EGYPTAIR FLIGHT DISAPPEARS Search of the Mediterranean underway

Posted on 05/19/2016 | About Cairo, Egypt

An EgyptAir flight from Paris to Cairo with 66 passengers and crew on board, including one Canadian, crashed in the Mediterranean Sea early Thursday morning, Egyptian aviation officials said.

EgyptAir Flight 804 was lost from radar at 2:45 a.m. local time when it was flying at 37,000 feet, the airline said. It said the Airbus A320 had vanished 16 kilometres after it entered Egyptian airspace, around 280 km off the country's coastline north of the Mediterranean port city of Alexandria. 

The aviation officials later said the plane crashed and that a search for debris was now underway. The “possibility that the plane crashed has been confirmed,” as the plane hasn't landed in any of the nearby airports, said the officials, who spoke on condition of anonymity because they were not authorized to speak to the media. 

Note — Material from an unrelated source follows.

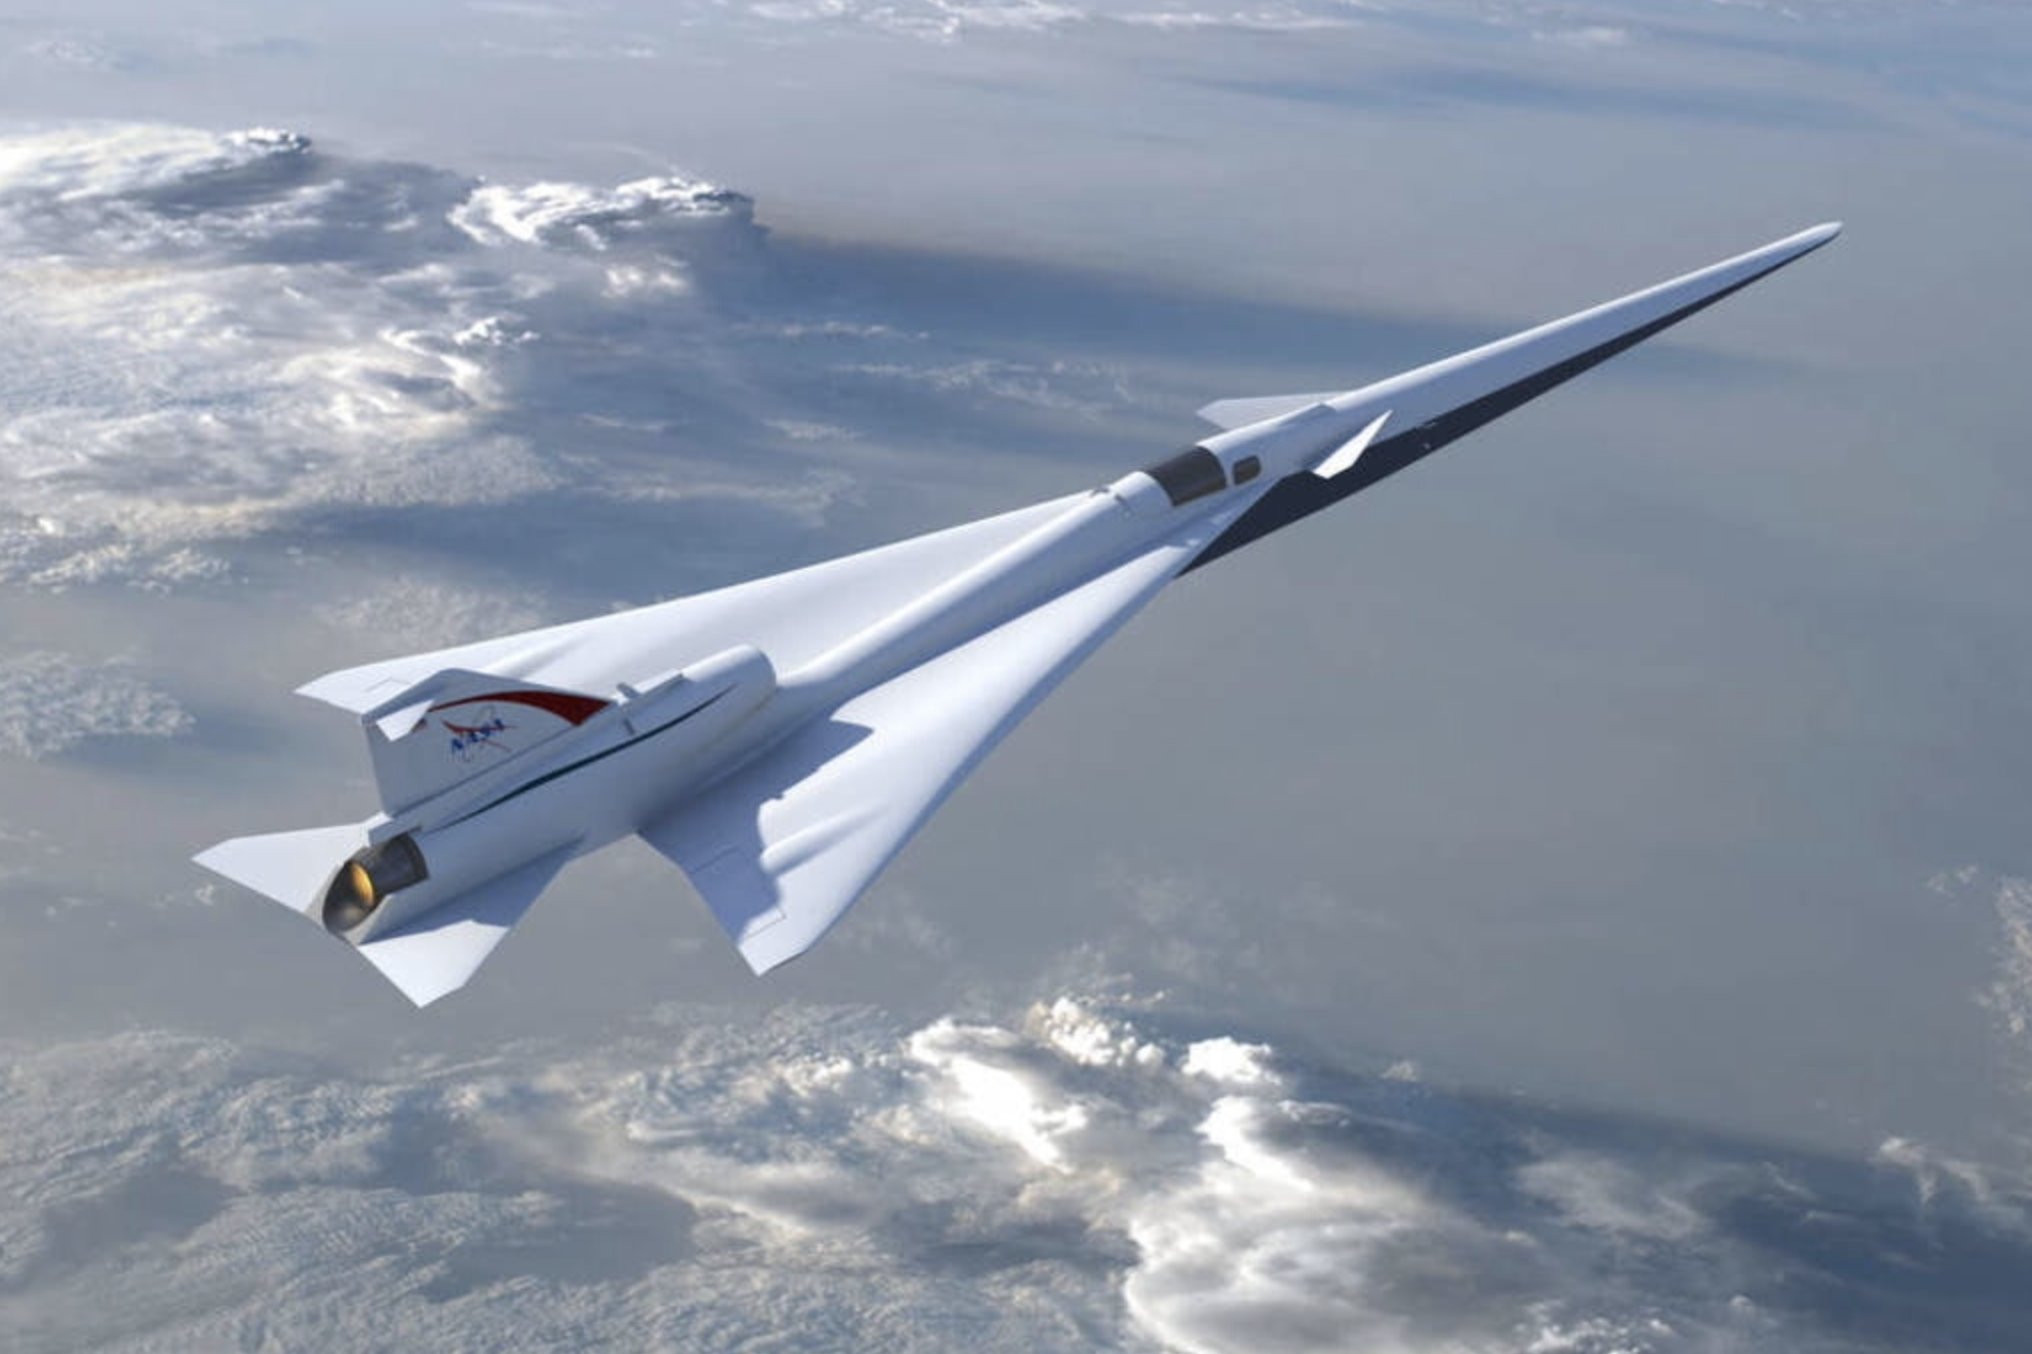  Тихий пассажирский сверхзвуковой самолёт от Lockheed Martin и NASA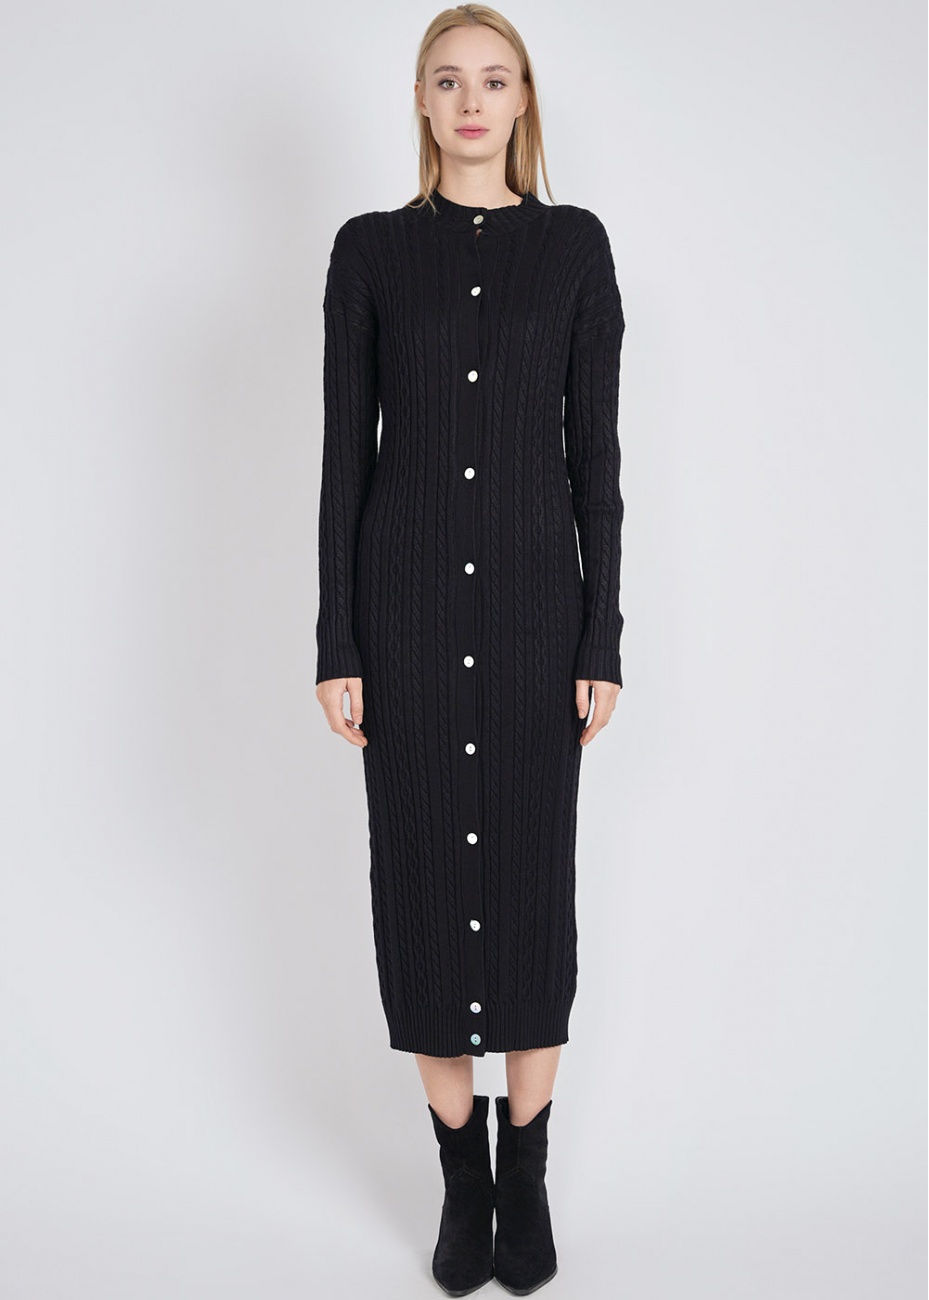 Black Dress Delight: Cable Knit Texture & Buttons | Modest Women ...

The official said a signal had been picked up from the plane two hours after it disappeared from radar, thought to have been an emergency beacon

Egyptian military aircraft and navy ships were taking part in a search operation off Egypt's Mediterranean coast to locate the plane. Greece is assisting in the search. 

The 56 passengers include one Canadian, 30 Egyptians, 15 French citizens, one Briton, two Iraqis, one Kuwaiti, one Saudi, one Sudanese, one Chadian, one Portuguese and one Algerian. The airline said a child and two babies were among the passengers. 

Global Affairs Canada said it was “aware of the possibility that a Canadian may have been on board the flight” and that the department was “monitoring the situation closely.” The statement added that Canadian officials in Cairo and Paris are working with local authorities to confirm this information. 

Egypt's state-run newspaper Al-Ahram quoted an airport official as saying the pilot did not send a distress call, and that last contact with the plane was made 10 minutes before it disappeared from radar. It did not identify the official. 

French Prime Minister Manuel Valls said no scenario could be ruled out at the moment as for what caused the plane to disappear. France, he told RTL radio, was “ready” to join the search operation if Egyptian authorities requested his country's assistance. 

Around 15 relatives of passengers on board the missing flight have arrived at Cairo airport. Airport authorities brought doctors to the scene after several distressed family members collapsed. 

Neither France's foreign ministry nor its interior ministry would comment on the disappearance or on whether it could have been an attack. 

France remains under a state of emergency after Islamic extremist attacks killed 130 people in a spree of attacks in November claimed by the extremist Islamic State group.